This repository contains a modified version of the POSEIDON data augmentation tool, described by P. Ruiz-Ponce, D. Ortez-Perez, J. Garcia-Rodriguez, and B. Kiefer (2023) in POSEIDON: A Data Augmentation Tool for Small Object Detection Datasets in Maritime Environments. It is modified to augment the ShipRSImageNet dataset published by Z. Zhang, L. Zhang, Y. Wang, P. Feng and R. He.
The ShipRSImageNet dataset is avaialble in the GitHub repository published by the authors of the dataset. As the ShipRSImageNet dataset is licensed for only academic use, an augmented dataset using this tool is subject to the same restrictions of use. See the GitHub repository for the ShipRSImageNet dataset for more information.
The ShipRSImageNet devkit is useful for exploring the dataset, as are the various functions inside the shiprsimagenet.py
file.
As this fork of POSEIDON is interested in dataset augmentation of a class of interest, rather than the complete balacing of an entire dataset, and considers particular needs for applying POSEIDON to the ShipRSImageNet dataset. The POSEIDON tool has been altered in several different ways to better suit this use case.

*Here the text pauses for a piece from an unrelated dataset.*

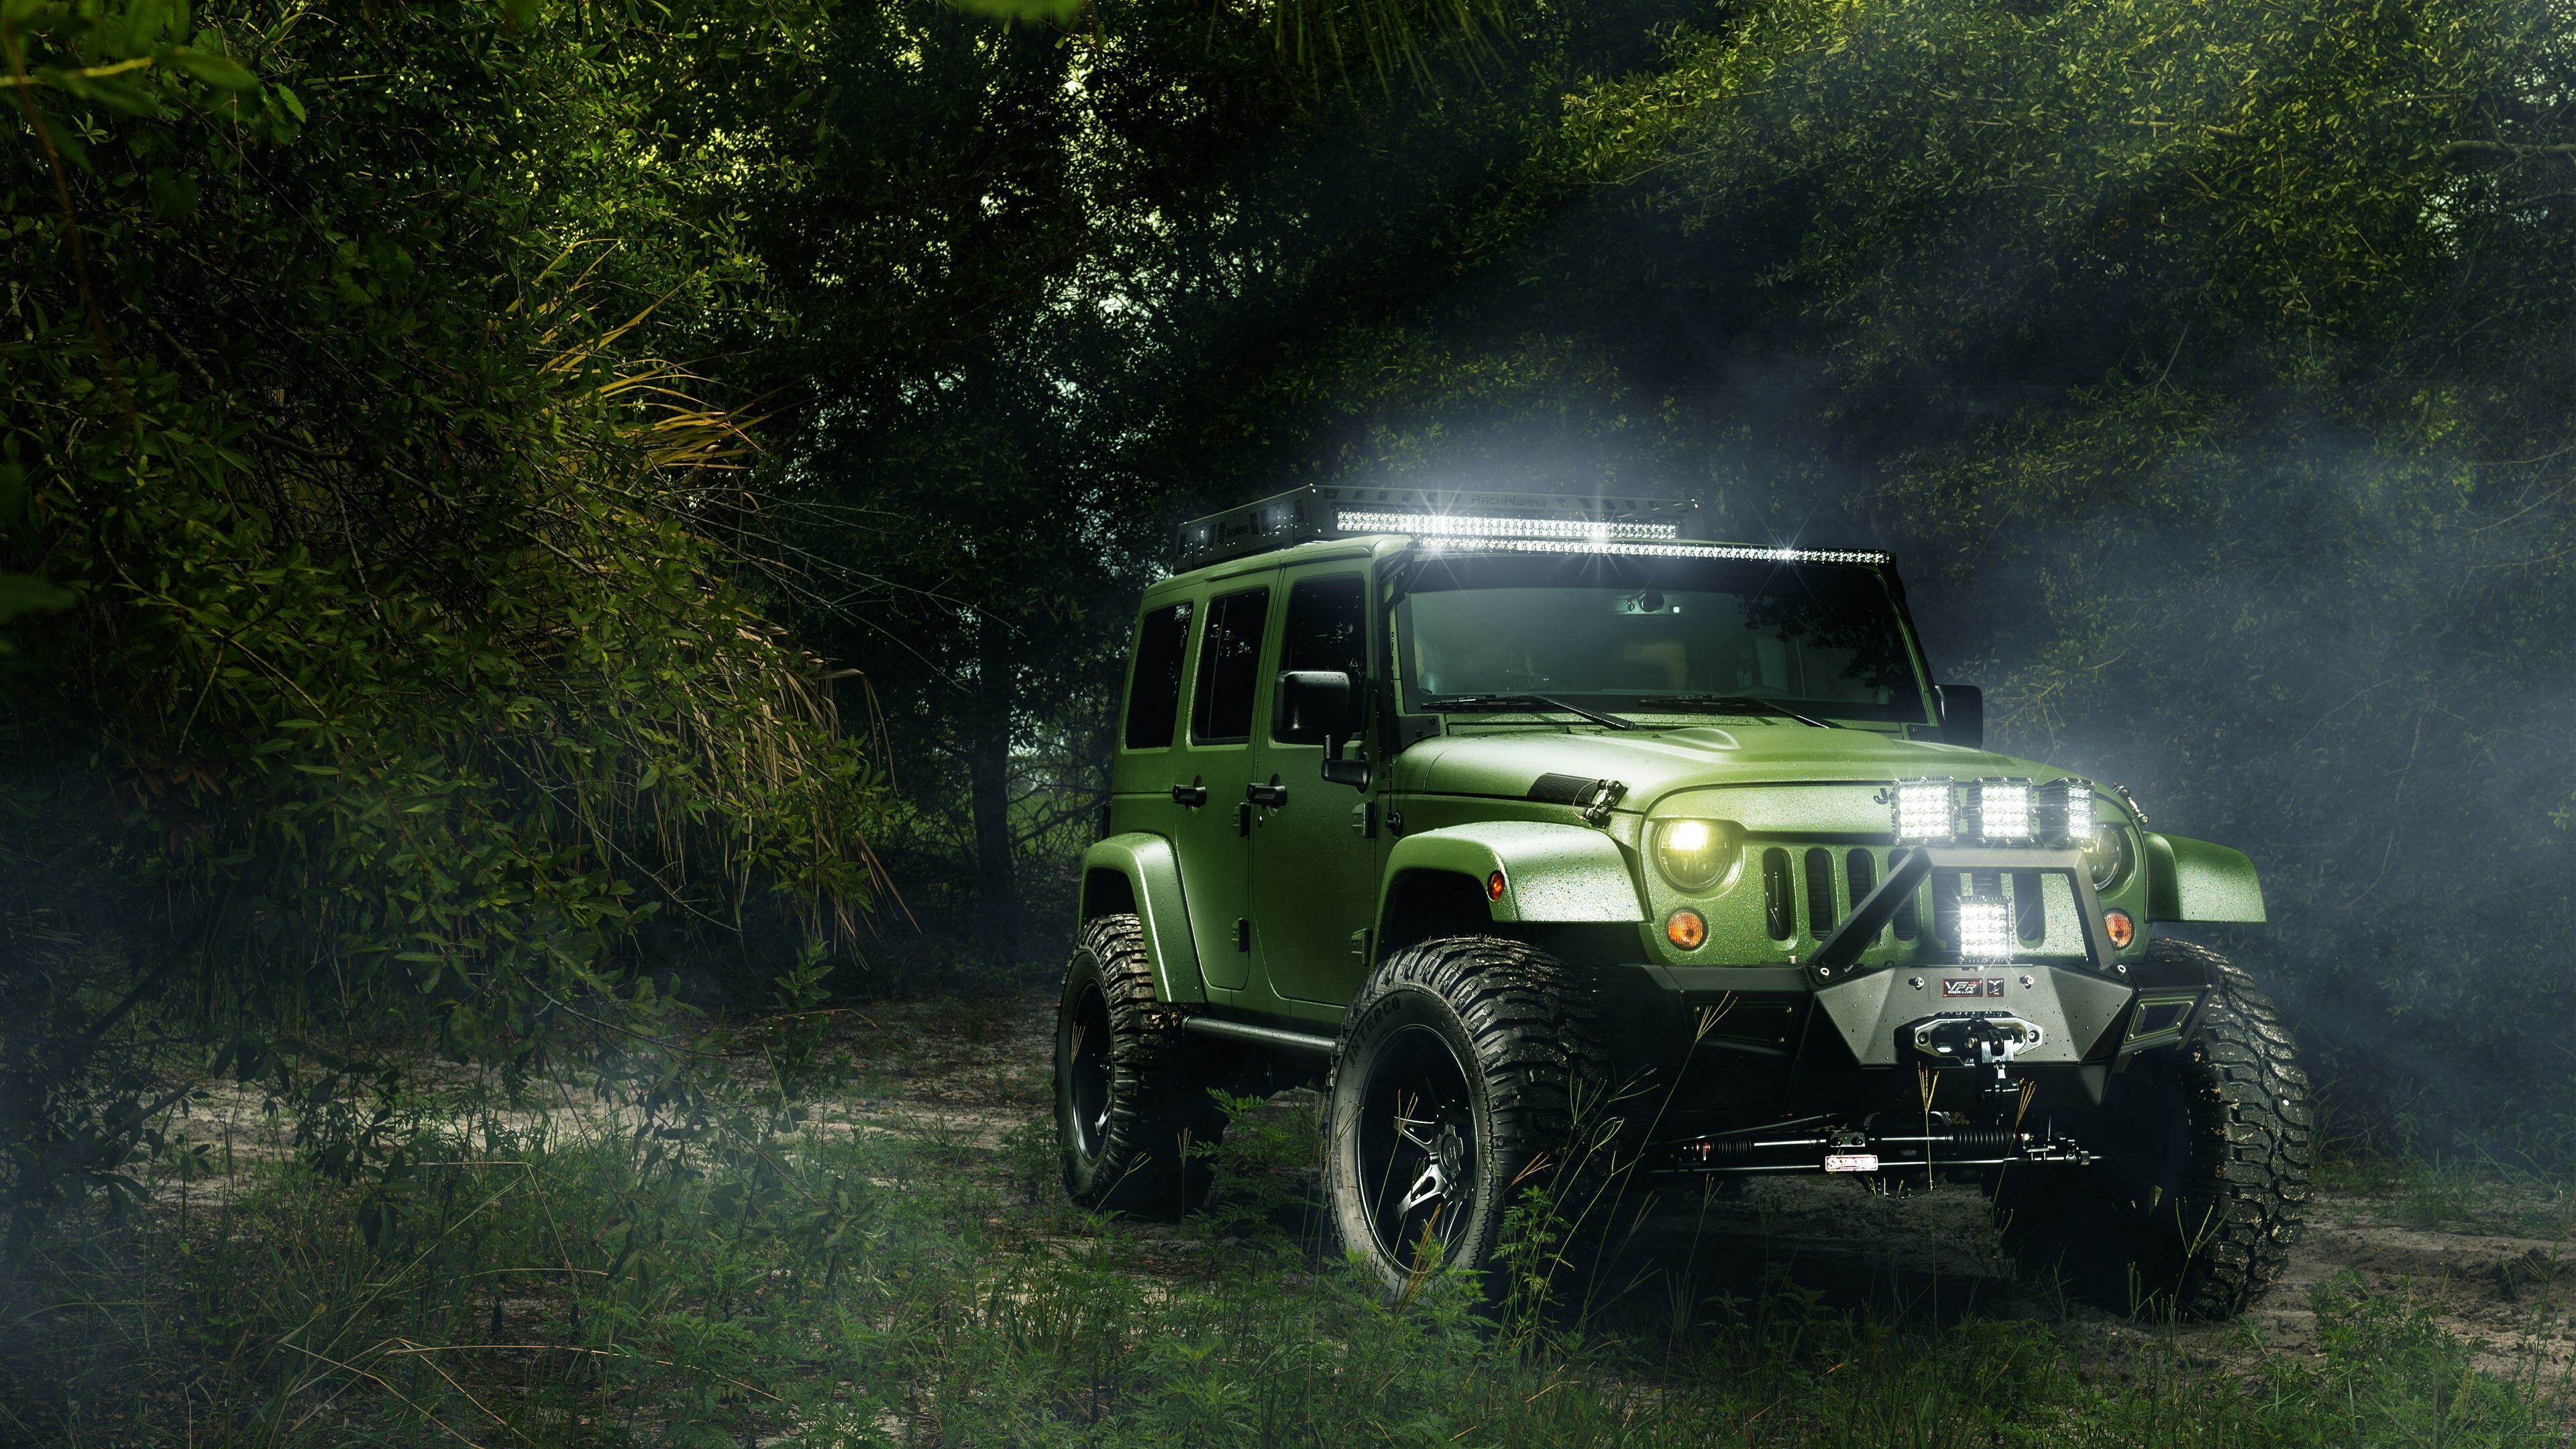 Jeep: Wrangler, A cross-country vehicle manufactured by the American company Chrysler. 3840x2160 4K Background.

The modifications to the POSEIDON tool are as follows:
- Only a subset of images in the dataset are augmented using the method detailed by POSEIDON. These are specified as one of the inputs to this program. This was done to avoid potential issues that may arise from using POSEIDON on certain images without additional labeling of the original images, such as generated ships being placed on land. Docks are labeled in many parts of the ShipRSImageNet dataset, but land is not.
- Normalization is performed when inserting a new instance onto an existing image, based on the spatial resolution metadata included in many of the images in the ShipRSImageNet dataset. Additionally, the normalization method used is entirely different since resizing all images to match the lowest resolution of the images we are augmenting would not address the different spatial resolutions (meters/pixel resolution) across images and would also result in very low-resolution images, considering that 980 x 980 is the more common resolution in the dataset and lower resolutions are often around 350 x 350.
A more detailed explaination as to why these modifications were made can be found in the dataset exploration notebook, which further explores the ShipRSImageNet dataset and analyzes the potential issues that may arise from using POSEIDON on the dataset without these changes.
All the code involved in the actual dataset augmentation is contained in the poseidon
folder. main.py
in the root of the repository is used to run the augmentation process.
Other python scripts in the root of the repository are used to explore the dataset and to help select images for augmentation. These are used in the process outlined in the dataset exploration Jupyter notebook.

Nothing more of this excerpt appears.